P: Well The Goon Show did…the thing about RTE was originality was the enemy. I happened in there by accident. Until the day I had no further involvement there, I was the enemy because I wasn’t officially attached to any programming department. I happened to arrive out of the blue, I had a hit play in the Abbey and there was a man called Denis O’Grady who was working back stage with Eamonn Andrews in the BBC and then came back to work as head of presentation in RTE. He thought I’ll have an announcer sitting in the studio during the afternoon and from time to time they can have a little chat with someone – that was the very thin edge of a tiny wedge. I was invited in to talk about my play and I knew going on television for the first time, I wanted to be remembered so I appeared on RTE wearing my hat with a head of cabbage hanging off the side and the response was amazing.

“O’Grady said we have a problem here at the moment, we are showing a BBC programme called Take Hart by Tony Hart and he is asking children to send drawings to him, they are coming here and we can’t do anything with them…do you think if that Pat fellow with the hat could come in once a week and show a few of these pictures to the viewers? The first time this happened was with Vincent Hanley, the craic we had and then, bit by bit, this man kept appearing with different things appearing on his hat. And then Vinnie said wouldn’t it be great if he just fucked off for a coffee and I just did it by myself. Suddenly I had five minutes a week and a slide with Pat’s Hat written on it and a bit of music on a tape. And there was tiny little embryonic unofficial programme I managed to expand, bit by bit. I was having fun and the fun got wilder and wilder and I became a huge fucking star. I look back on it fondly because of certain people who it was a joy to be around, Larry Gogan was one. There was only a handful of them – genuine, lovely, people. The rest of them were all con artists. I saw behaviour from all of these people who were iconised, I saw the reality behind the scenes.”

 

GET ME OUT OF HERE

Some poets write poems

which I can’t make

head or tail of

and other people

come along and write

reviews of the poems

which are equally

bewildering.

Nobody had got a clue

what the poems mean

and nobody has got a clue

what the reviews mean

so everybody says that

they are brilliant

and deep and meaningful

even though nobody had the faintest idea

what the meaning is

and that is The Arts.

As far as I am concerned

you can keep it.

This poem is not The Arts

and not doesn’t want to be.

The next section is though.

 

“The ineffable seeking of

Life’s self-perpetuating

search for itself.”

 

I don’t know what that means

even though I have

just written it which proves

that I can write stuff

which is The Arts

if I put my mind to it.

What a truly terrifying

thought.

Poems so Fresh and so New…Yahoo! (1995)

 

T: Did you have any medication after you came off old sparky? (electroconvulsive therapy)

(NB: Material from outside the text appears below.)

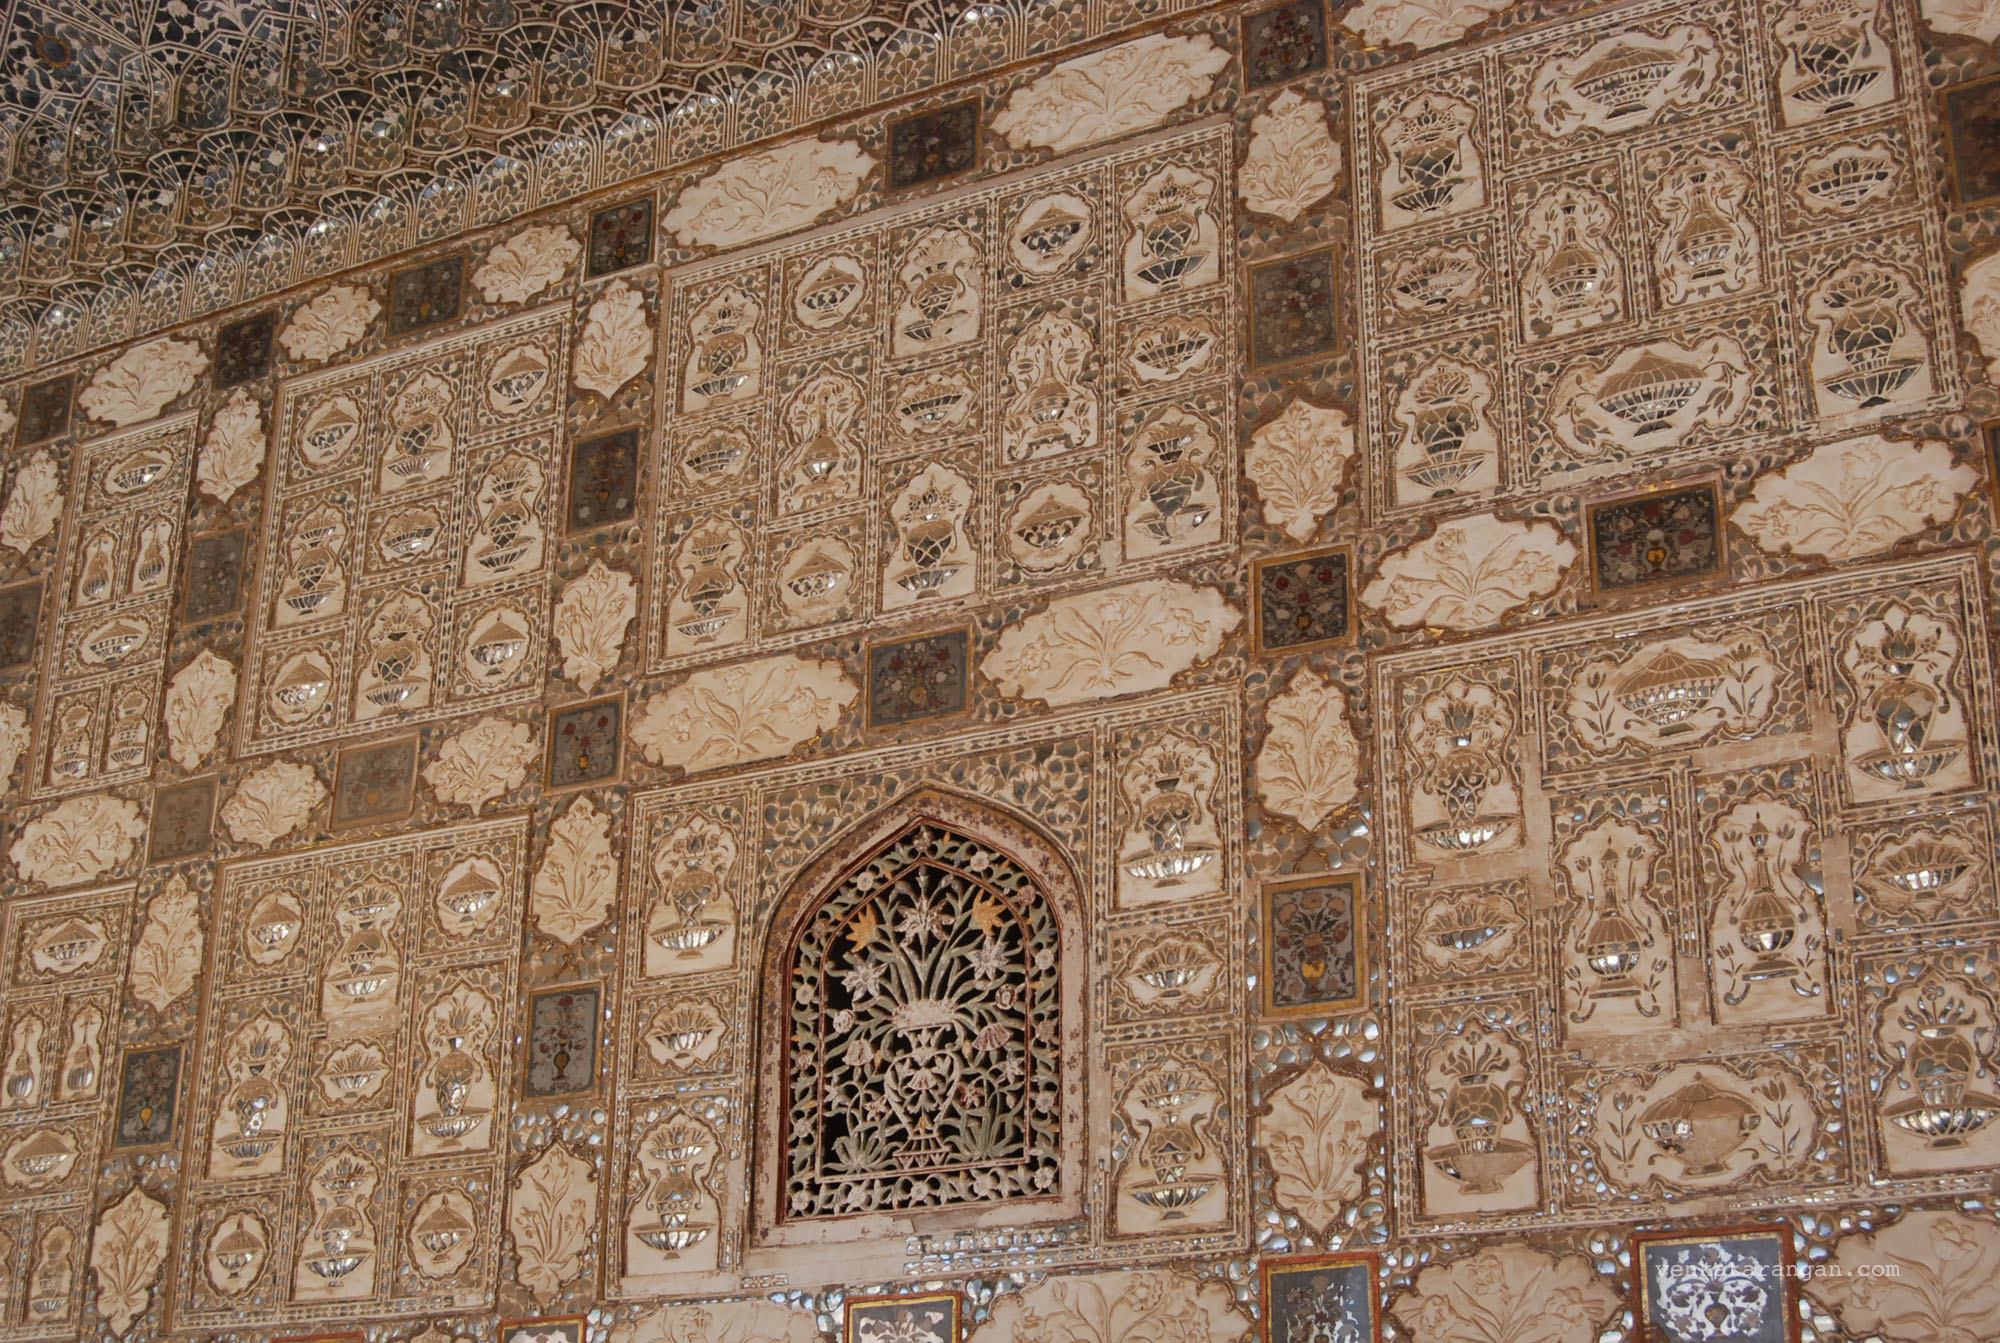 Sheesh Mahal (mirror palace)

P: Oh, I was on all sorts. I was on Lithium, I was on Valium, I was on Parstelin. I’d be brought into a room with my counsellor in St Pats’s and he’d be writing in his folder and then he’d introduce a series of mock pictures – the old Rorschach test – half an hour later I’d be only getting warmed up on the first one. Another time there was a priest in with me, a beautiful aristocratic, gentle man, – his bishop had sent him in to be cured of homosexuality. How could the church afford to lose someone like him? The Church was damaging and toxic because it taught unhealthy messages as opposed to loving ones. The power that they wanted to exert was based upon guilt and instilling guilt. I wrote a poem about almighty god and how all he had intended doing was to create one field with a donkey in it but he lost the run of himself and before he knew there was fucking mountains and oceans and his mother gave out hell to him, so he built a church and hid behind it. I was thinking recently the only thing I regret about Catholicism, and it not being what it said it was, is that I loved angels with big wings. And also I asked myself, mermaids used to exist because we believe in them but maybe it’s then other way round? Maybe that’s why we’re here and the same with centaurs and unicorns. And then I thought about mermaids doing bold things like writing messages on the bottom of ships, ‘up yours, skipper’.”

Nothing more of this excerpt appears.